Furlong's research has also covered the impact of technologies on learning and highlighted how young people acquire computer expertise. He investigated the role of computers at home in creating a new educational environment for young people and explored the way in which learning is associated with the affordance of technology. In addition, he described how child consumers were constructed through public policies and private practices. In his book, Adult Learning in the Digital Age he has explored the dynamic relationship between adults and technology in diverse learning settings in the twenty-first century and recommended ways to use new technologies in a learning society.

=== Teacher education research and policy ===
Furlong has worked on teachers’ education, its nature, its importance and its reform.
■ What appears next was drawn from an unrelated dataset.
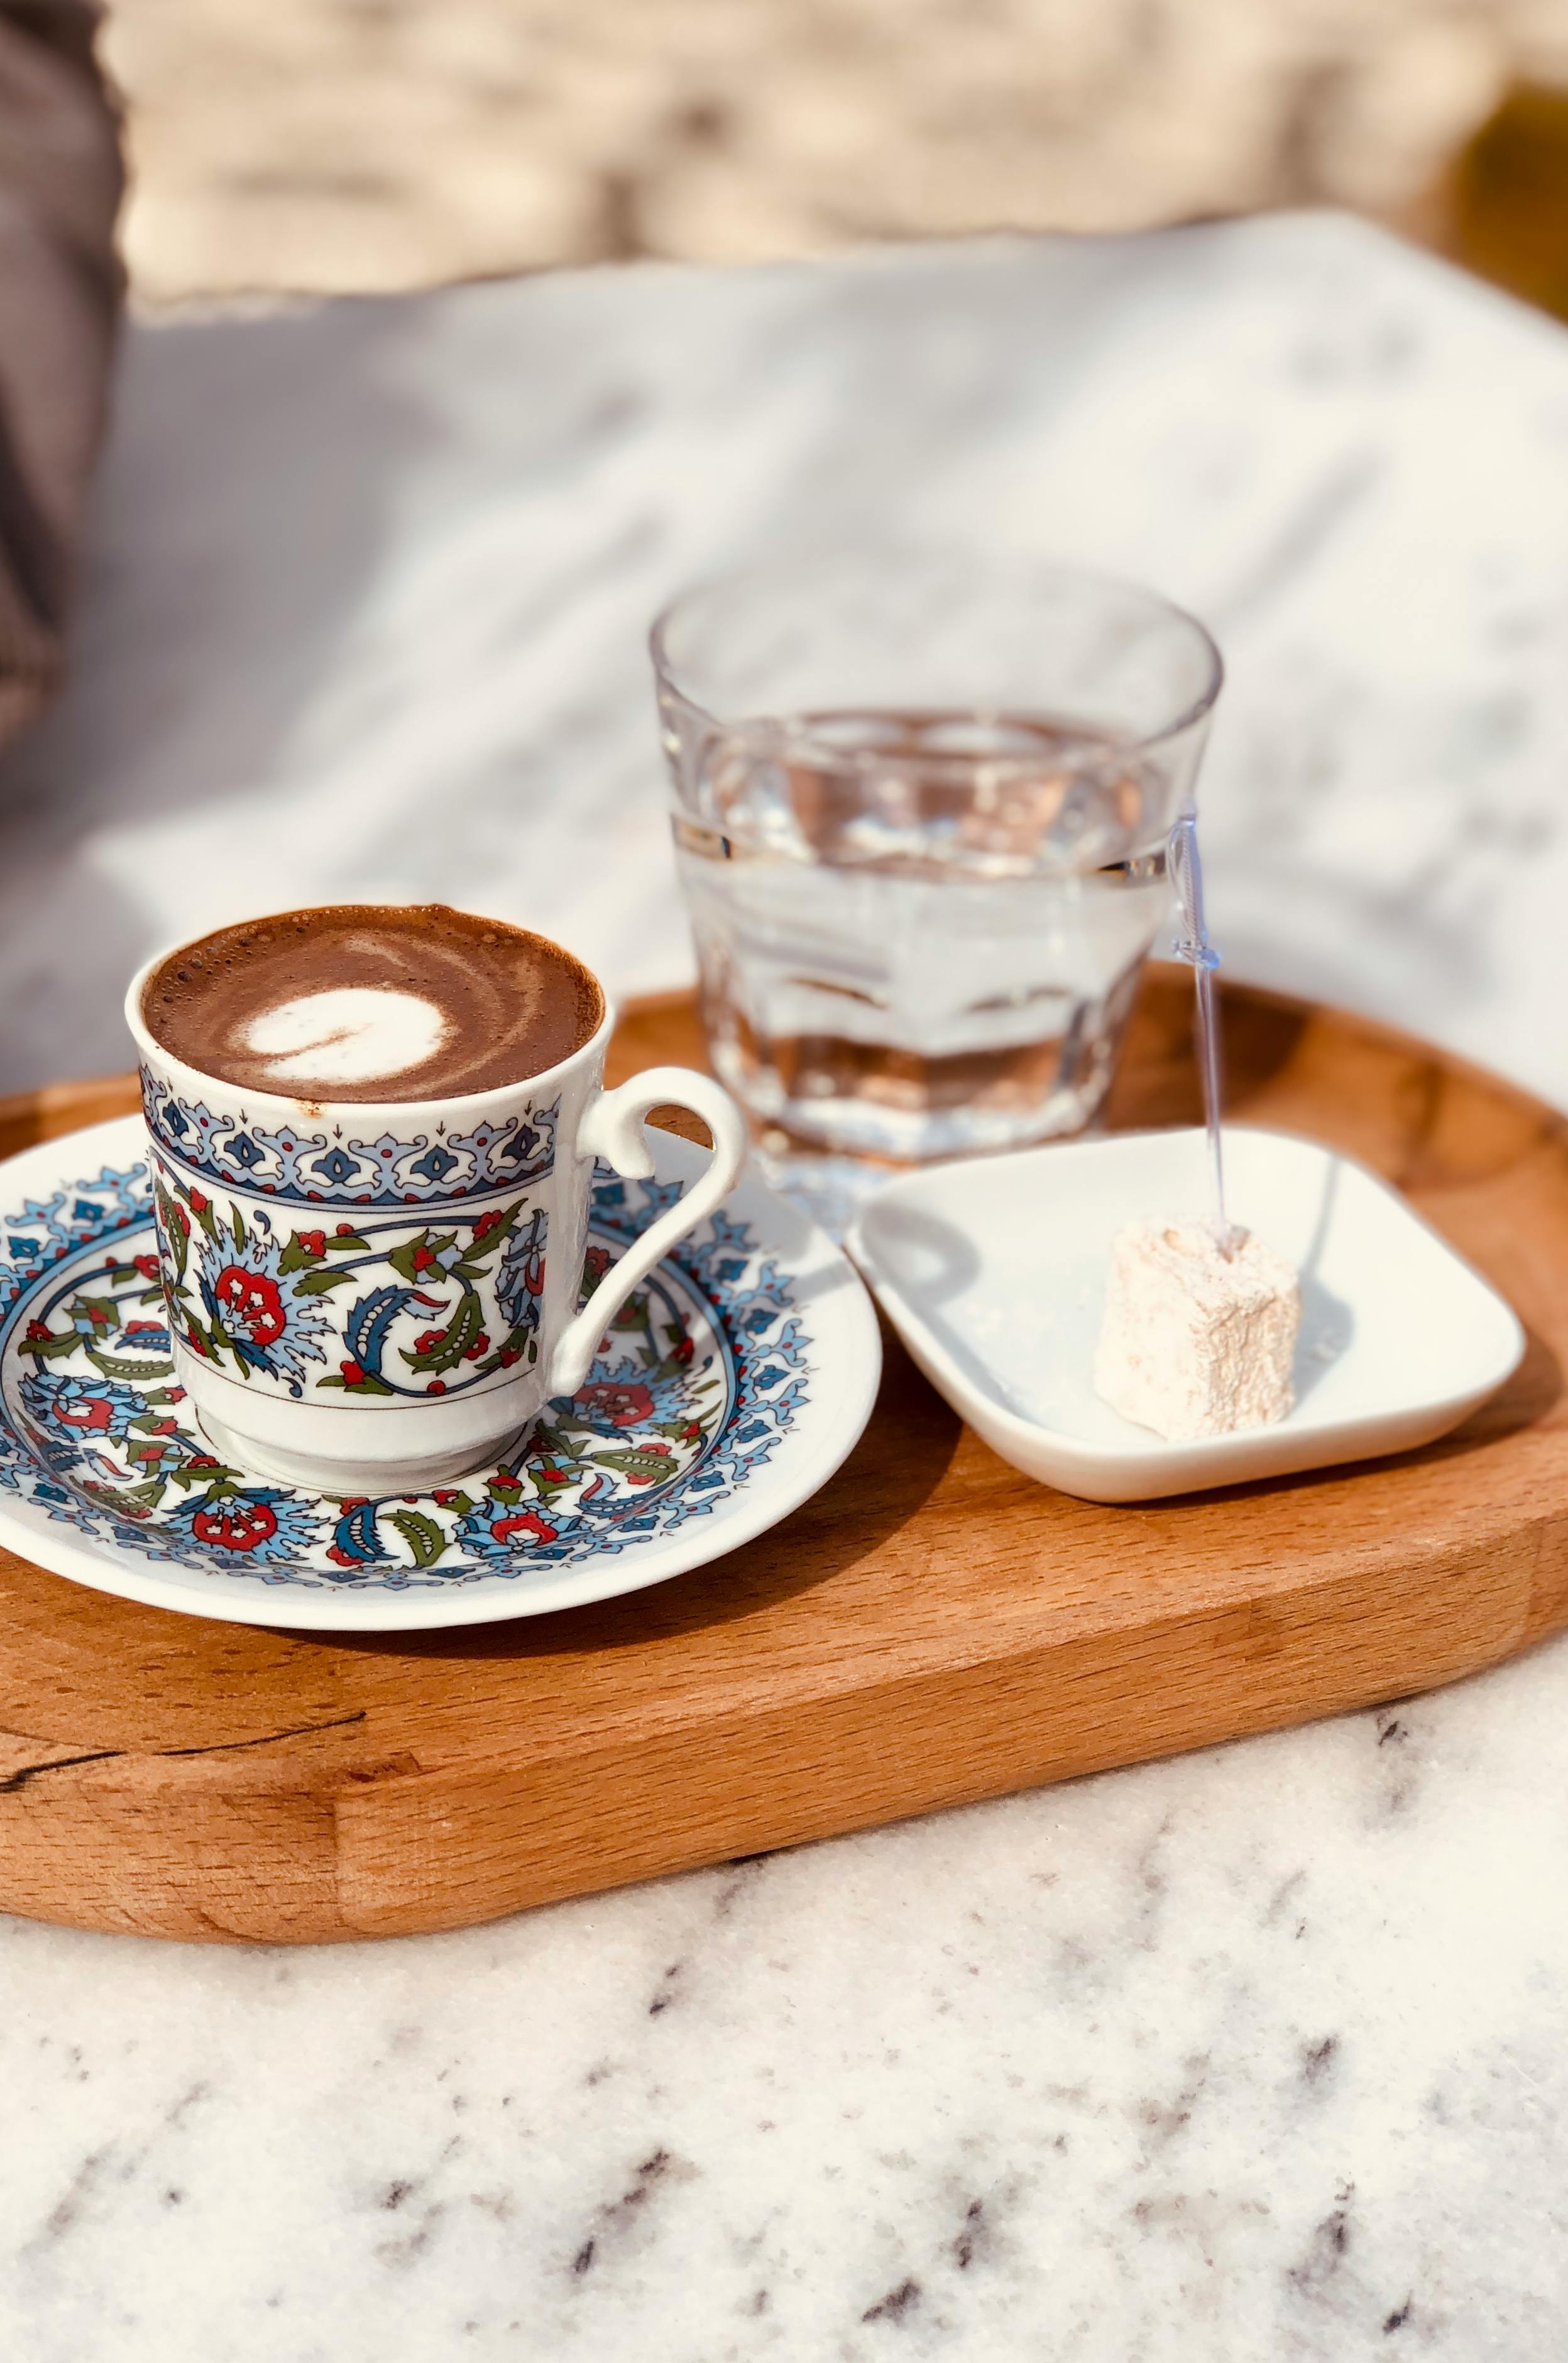 Turka for Coffee and Coffee Cups Stock Photo - Image of capacity

In his book, Teacher Education in Transition: Re-forming Professionalism? he examined the impact of policy changes across England and Wales in the 1990s. Subsequently, he discussed the changes in teacher education policy during the New Labour government's two terms in office (1997–2010) arguing that the government had moved away from individual professional formation towards direct guidance and notions of collective responsibility. In addition, he has researched and written about the role of mentors and tutors in supporting student teacher learning. In his book, Mentoring Student Teachers: The Growth of Professional Knowledge, he emphasized the need to define the specific responsibilities of teachers when serving as mentors and also suggested that an understanding of teacher learning processes is essential for a mentor.
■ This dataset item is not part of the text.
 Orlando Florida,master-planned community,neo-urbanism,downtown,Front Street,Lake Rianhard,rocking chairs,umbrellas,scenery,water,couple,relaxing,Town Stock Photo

Furlong has also contributed to a number of policy reviews of initial teacher education (ITE) including national reviews of Wales Brunei, the Republic of Ireland and Northern Ireland. In his second, 2015 review of ITE in Wales entitled "Teaching Tomorrow's Teachers," he presented options for improving initial teacher education based on close collaboration between universities and schools. He was subsequently invited by the Welsh Government to oversee the fundamental reform of the sector in order to establish a new system of teacher education based on those principles.

== Awards and honors ==
- 2003 – Elected Fellow, Academy of Social Sciences
- 2015 – Best educational research book of the year, British Society of Educational Studies
- 2017 – Order of British Empire, The monarch of the United Kingdom
- 2022 – Public Engagement and Impact Award, British Educational Research Association (BERA)
- 2023 – British Educational Research Journal (BERJ) identify Furlong’s 2003 paper ‘BERA at 30; have we come of age?’ as one of the 10 best papers of its decade.

== Bibliography ==
=== Selected books ===
- Mentoring Student Teachers: the growth of professional knowledge (1995) ISBN 978-0-415-11393-9
- Teacher Education in Transition: re-forming professionalism? (2000) ISBN 978-0-335-20040-5
- Screenplay; Children and Computing in the Home (2003) ISBN 978-0-415-29843-8
- Education – An Anatomy of the Discipline: Rescuing the university project? (2013) ISBN 978-0-415-52006-5
- Knowledge and the Study of Education; international perspectives (2017) ISBN 978-1-873927-97-7

=== Selected articles ===
- Furlong, V. J. (1991). Disaffected pupils: reconstructing the sociological perspective. British Journal of Sociology of Education, 12(3), 293–307.
- Facer, K., Furlong, J., Furlong, R., & Sutherland, R. (2001). Constructing the child computer user: From public policy to private practices. British journal of sociology of education, 22(1), 91–108.
- Furlong, J. (2004). BERA at 30. Have we come of age?. British Educational Research Journal, 30(3), 343–358.
- Furlong, J. (2013, January). Globalisation, neoliberalism, and the reform of teacher education in England. In The Educational Forum (Vol. 77, No. 1, pp. 28–50). Taylor & Francis Group.
- Furlong, J., Griffiths, J., Hannigan-Davies, C., Harris, A., & Jones, M. (2021). The reform of initial teacher education in Wales: from vision to reality. Oxford Review of Education, 47(1), 61–78.